**Your instructions:**
When copying the data below, keep only the lines from the one with "Orchestra Point de Vente" through the one with "Rosa Centifolia Gentle", word for word, and skip the pictures.

(Records supplied Opens)

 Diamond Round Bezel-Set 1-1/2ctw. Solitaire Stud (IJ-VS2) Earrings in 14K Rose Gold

(Records supplied Closes)
(Records supplied Opens)

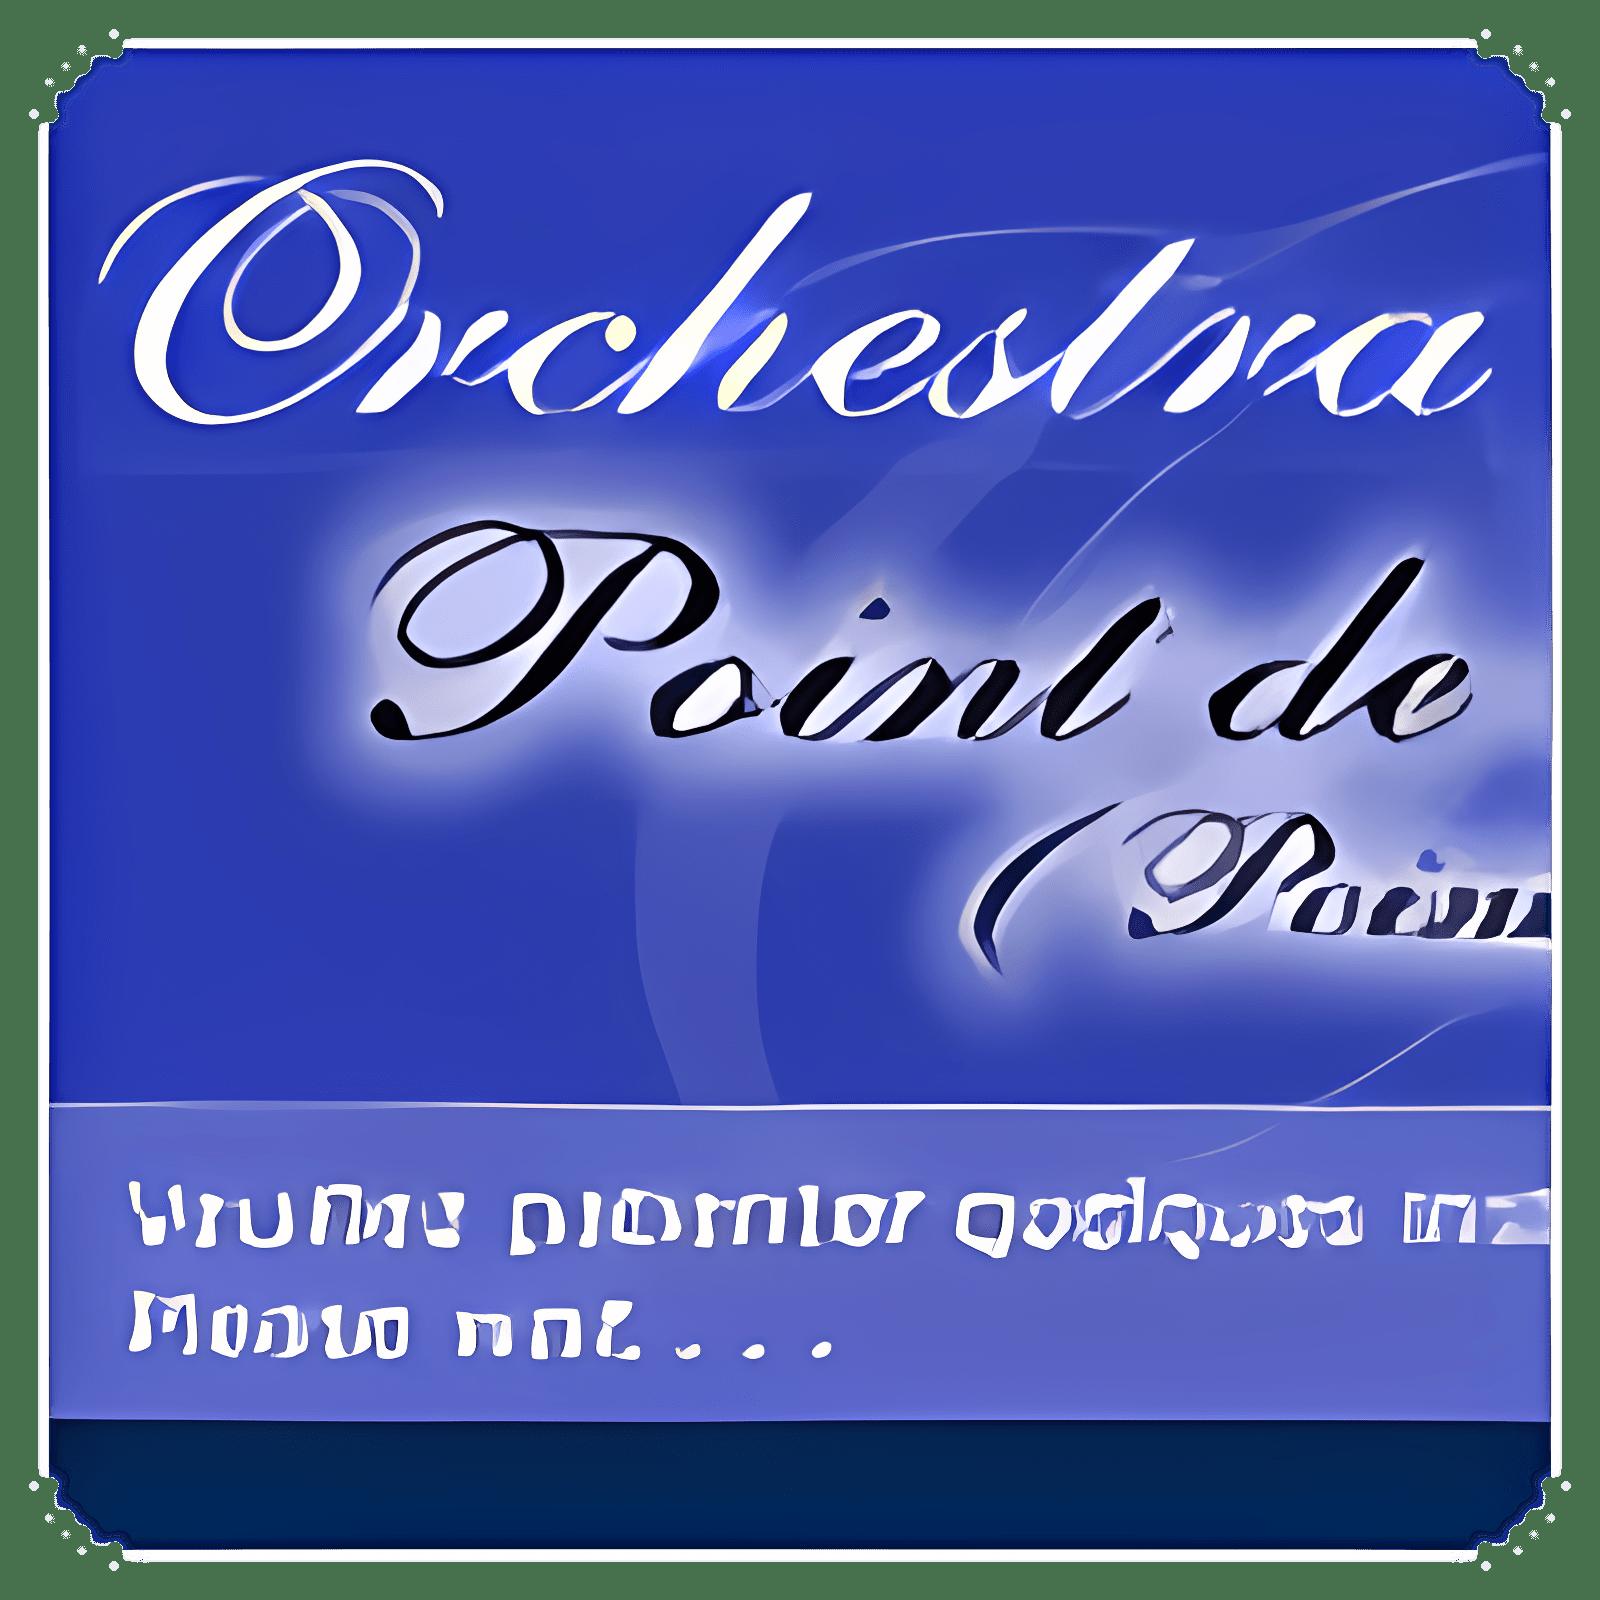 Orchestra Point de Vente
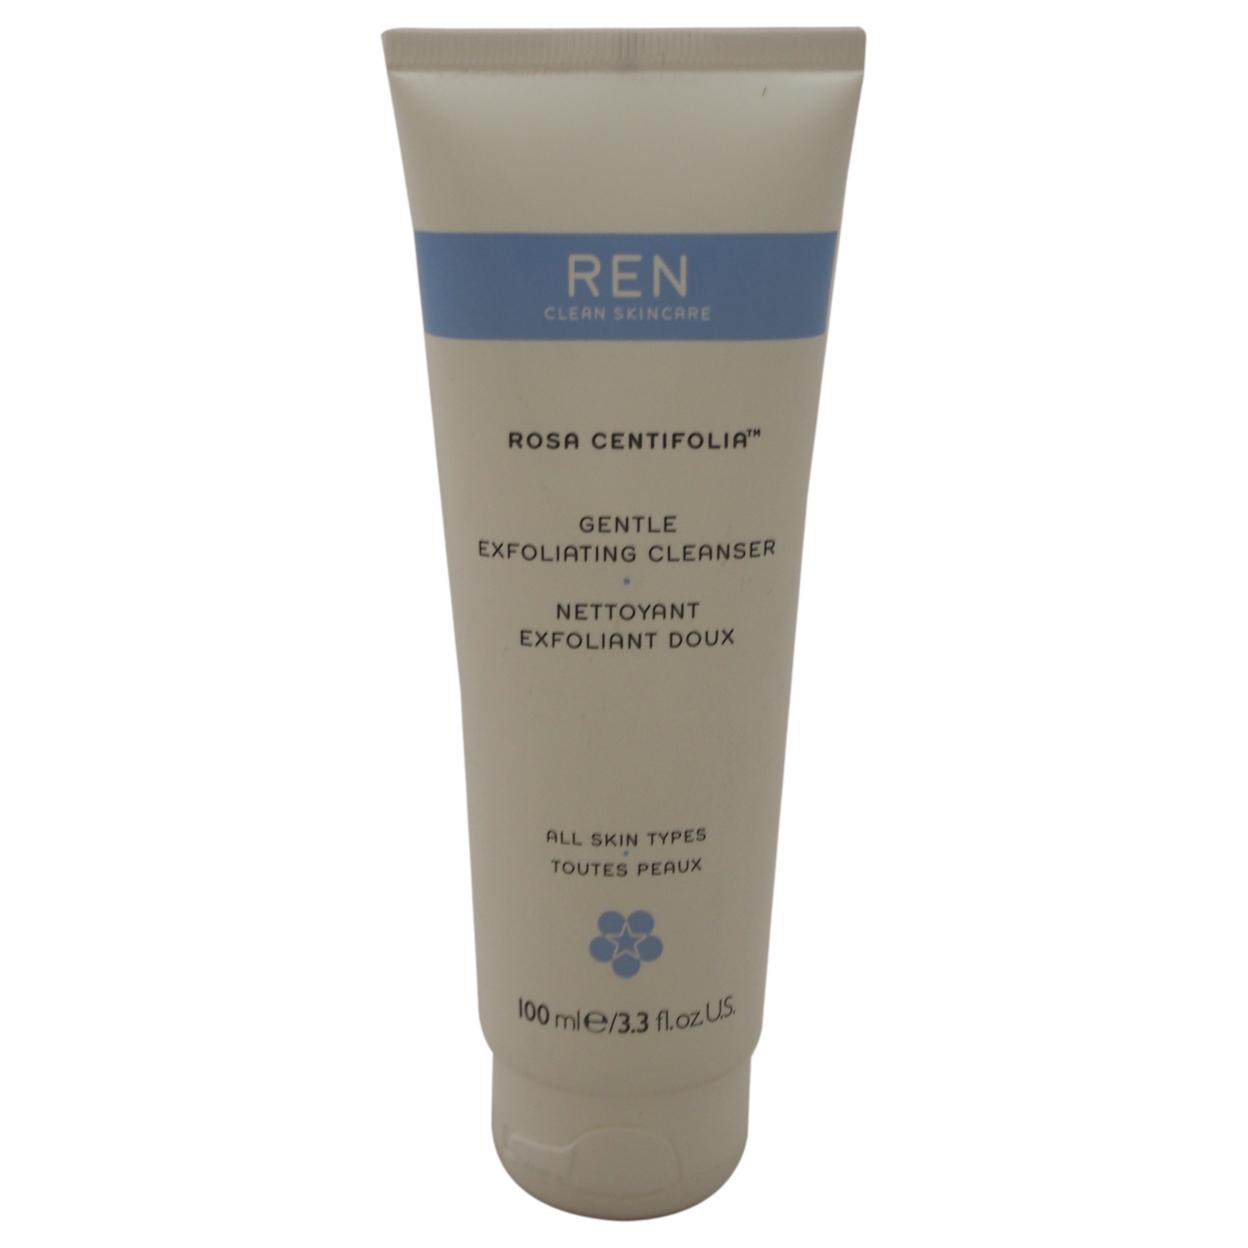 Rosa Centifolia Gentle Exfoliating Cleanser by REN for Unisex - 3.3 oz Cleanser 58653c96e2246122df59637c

(Records supplied Closes)
(Records supplied Opens)

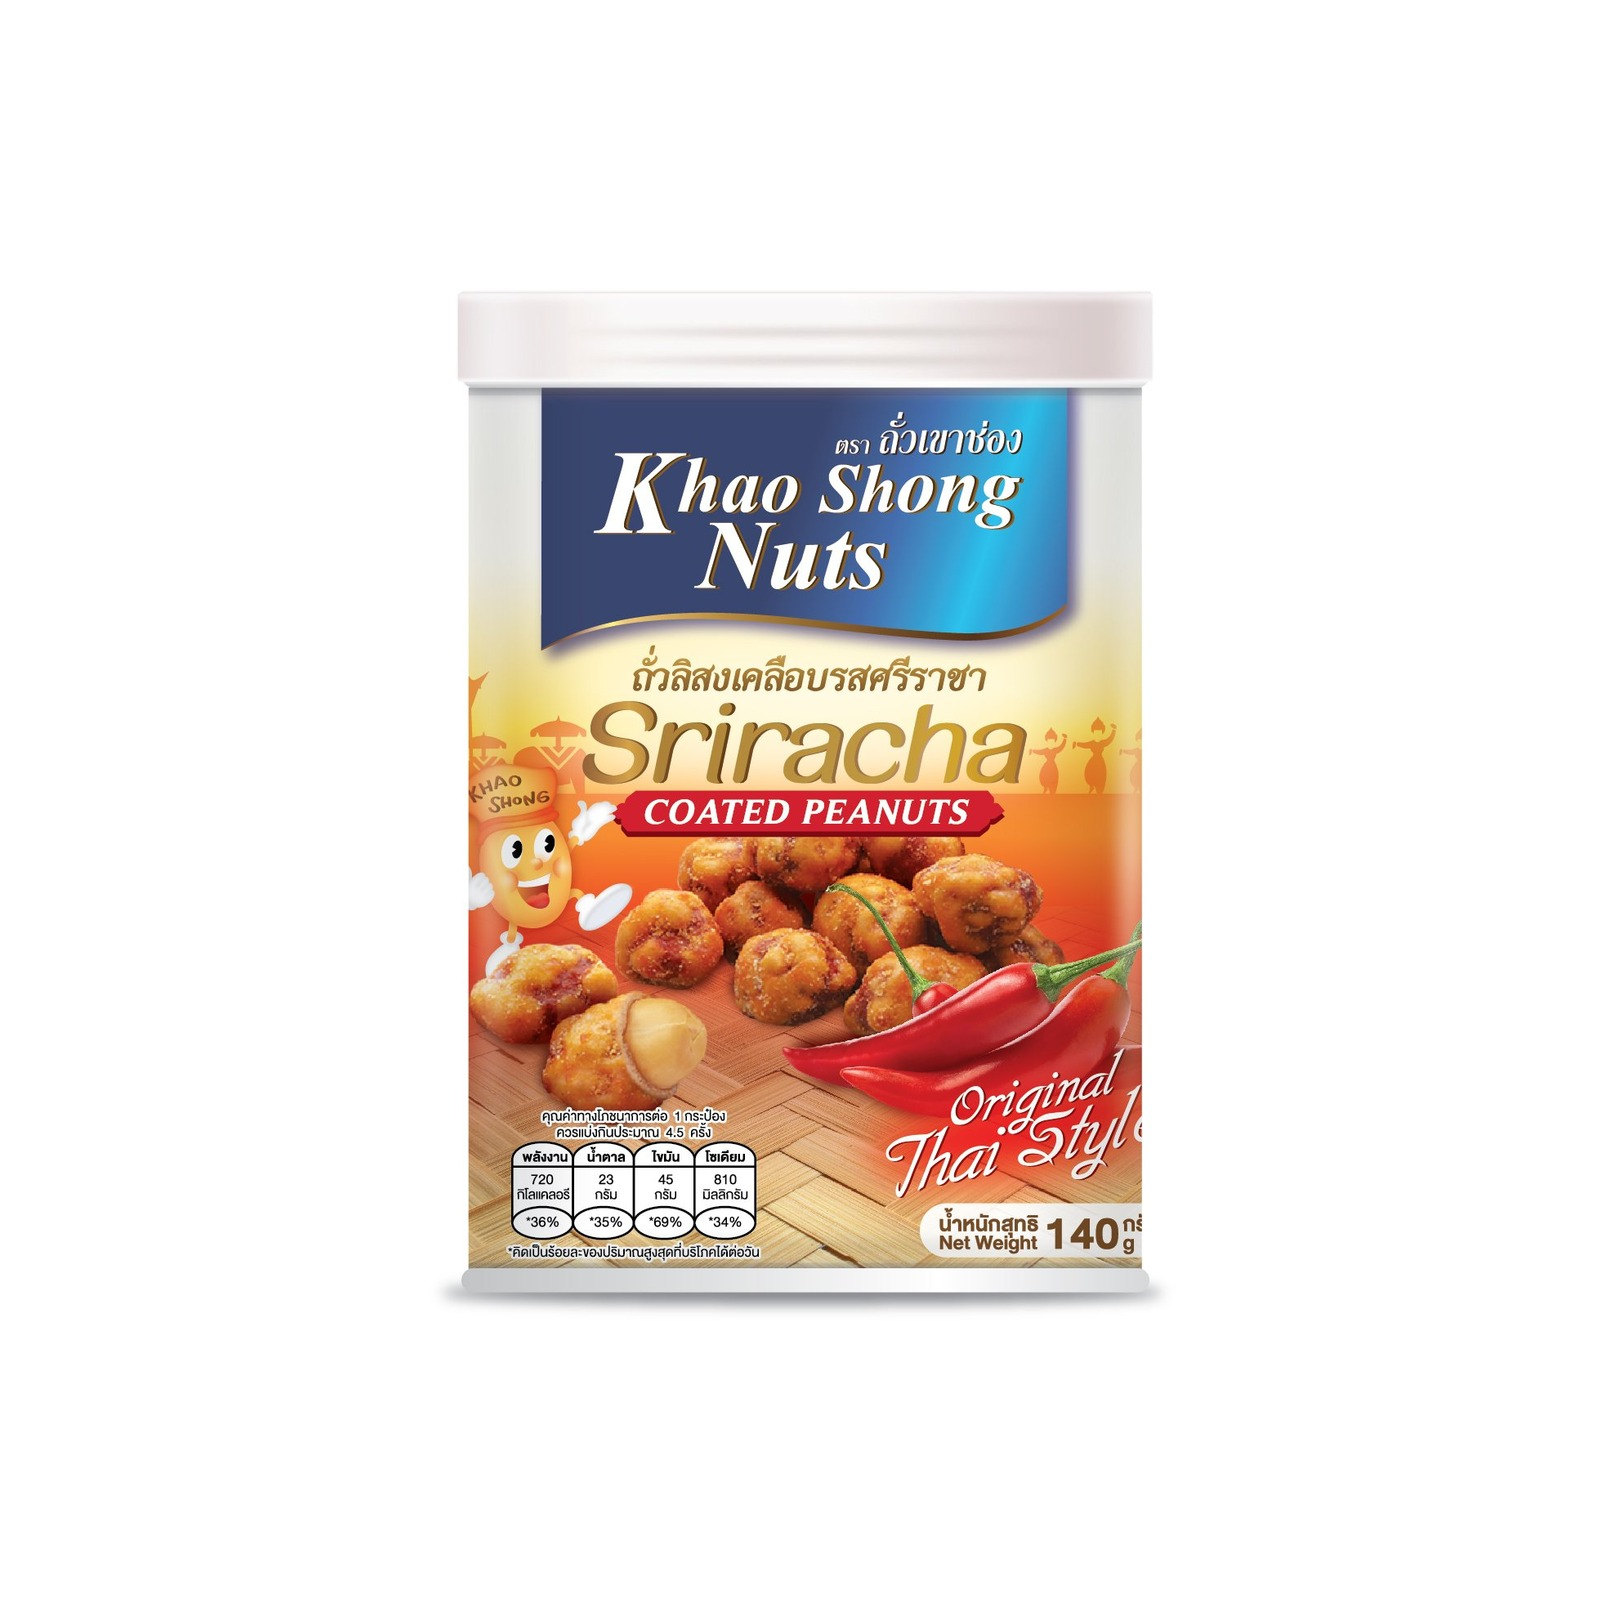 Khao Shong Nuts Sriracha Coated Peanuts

(Records supplied Closes)

**Result:**
 Orchestra Point de Vente
 Rosa Centifolia Gentle Exfoliating Cleanser by REN for Unisex - 3.3 oz Cleanser 58653c96e2246122df59637c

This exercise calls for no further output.